Charles Niellon (1795–1871) was a veteran of the Napoleonic Wars who fought in the Belgian Revolution of 1830 and was later naturalised as a Belgian.

==Life==
Niellon was born in Strasbourg, then French territory, on 15 February 1795. He served in the Napoleonic 23rd regiment of light infantry, enrolling on 9 January 1812, and was rapidly promoted corporal, fourrier, sergeant and sergeant-major. In May 1813 he took part in the battles of Lützen and Bautzen. In October he fought in the Battle of Leipzig, at which he was captured, becoming a prisoner of war on 19 October 1813. Released on 1 June 1814, he became sergeant-major of the 2nd regiment of light infantry in 1815, and in 1816 chief sergeant of the 5th regiment of hussars.
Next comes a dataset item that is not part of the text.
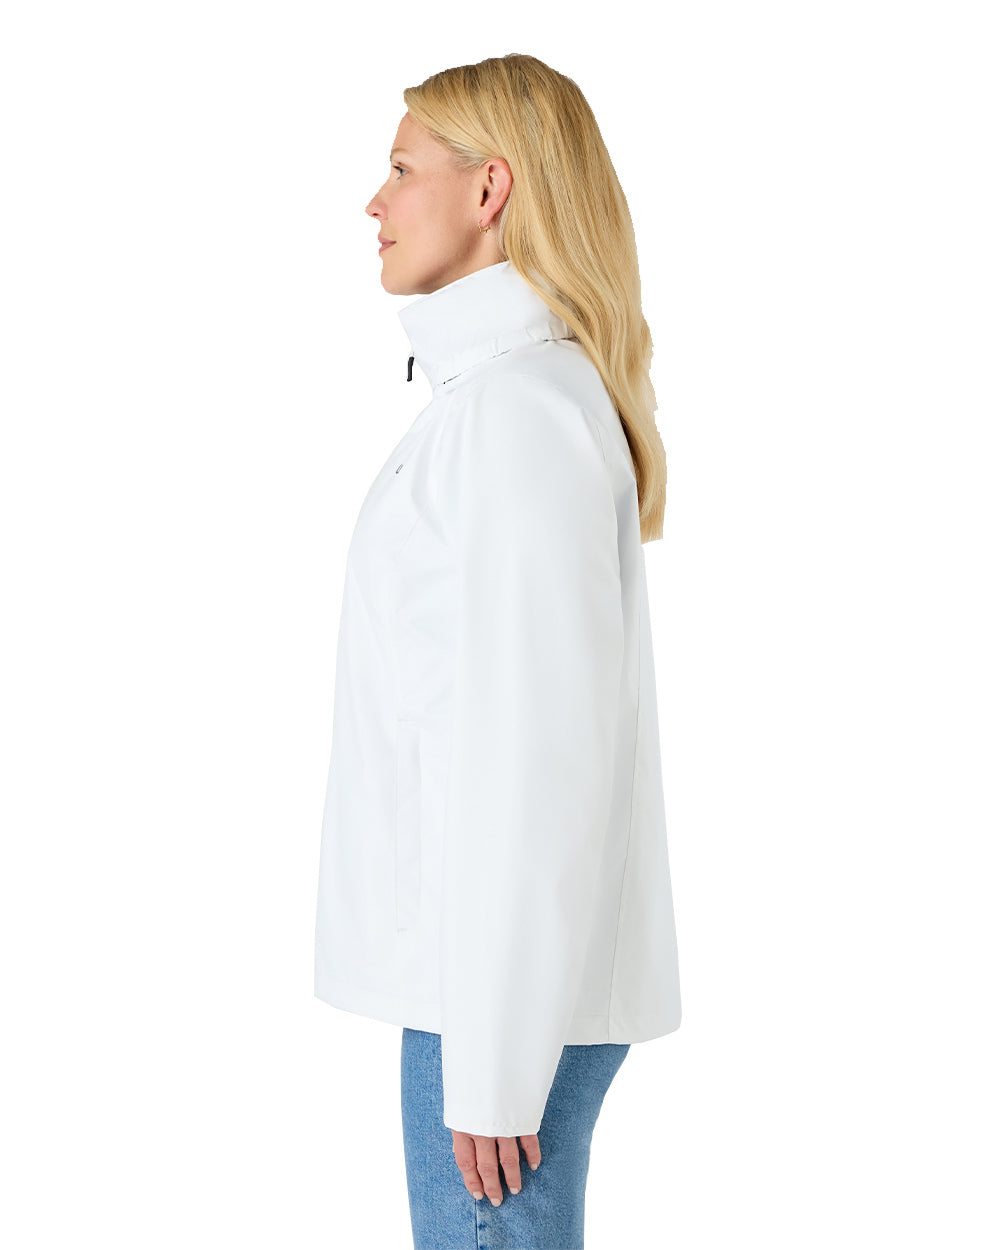 White Coloured Musto Womens Nautic Rain Jacket On A White Background

After being discharged from the French army, Niellon settled in Belgium, where he became an editor of the newspaper La Minerve. In August 1830 he joined the Belgian Revolution as a captain in the Garde Civique, and he quickly became aide-de-camp to General d'Hoogvorst, and then adjudant-major to the general staff. On 26 September, he led a force of volunteers in a counterattack on the Dutch troops threatening Brussels from Schaarbeek. On 27 September, he re-established communications between Brussels and Leuven. In recognition of his abilities and achievements he was appointed lieutenant-colonel in the regular army, in which capacity he liberated Lier from the Dutch, and on 27 October entered Antwerp. On 29 October, he was promoted brigadier general. He was one of the leading commanders of Belgian forces in the Ten Days' Campaign of 1831.
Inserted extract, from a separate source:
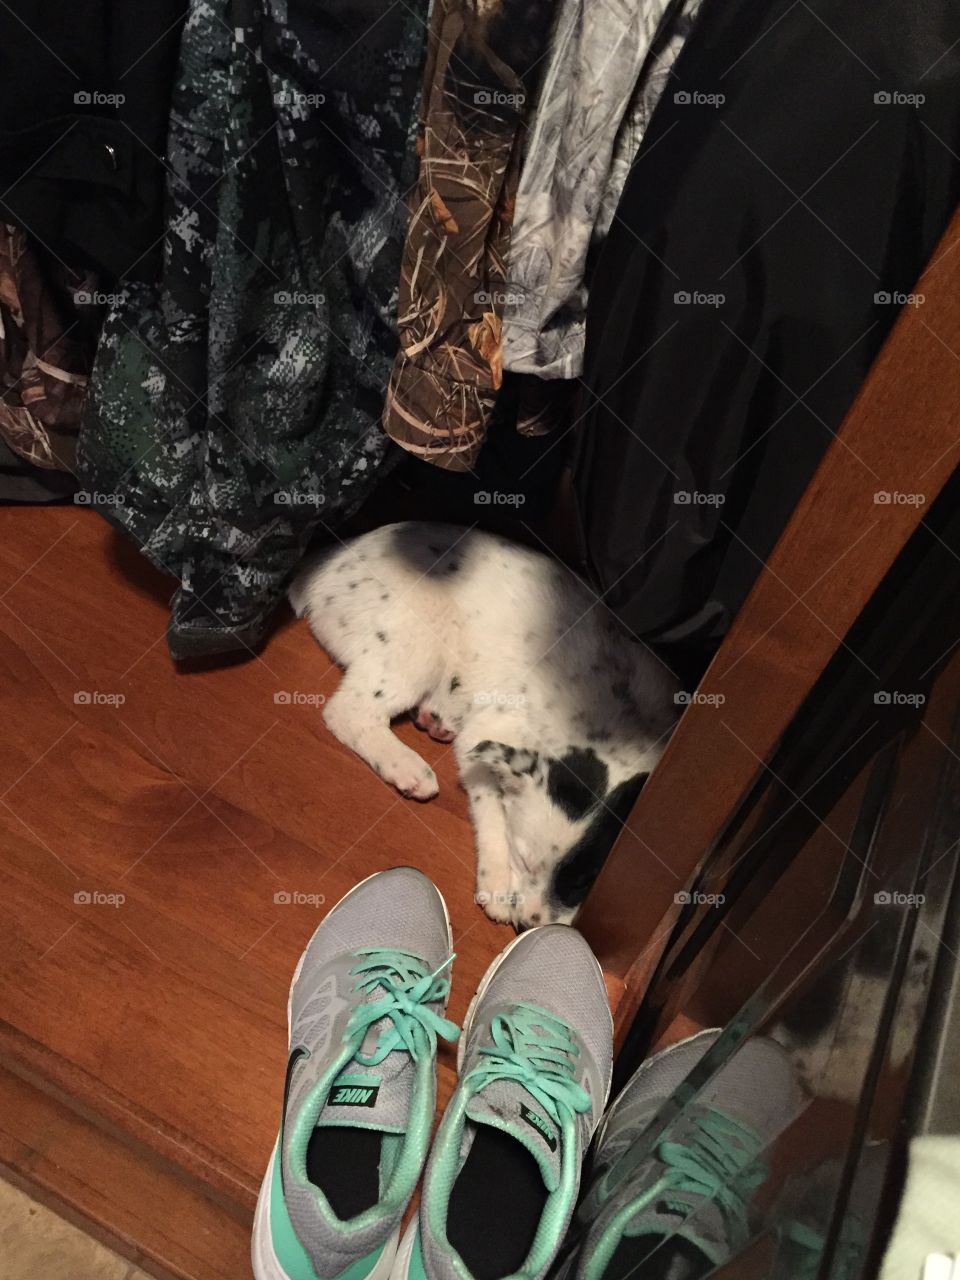 Tired pup falls asleep in a closet

In 1833 he retired to Burtonville (Luxembourg). He was naturalised Belgian by an act of the Belgian parliament on 14 March 1837. He died in Laken on 26 February 1871, leaving a widow with five children. On 15 July, the Chamber of Representatives unanimously accepted a proposal to provide a state pension to his widow, which was passed by the Senate on 21 July.

==Publications==
- Histoire des événements militaires et des conspirations orangistes de la révolution de Belgique de 1830 à 1833 (Brussels, M. J. Poot, 1868)

==Honours==
- Knight of the Order of Leopold (15 December 1833), with iron cross (2 April 1835)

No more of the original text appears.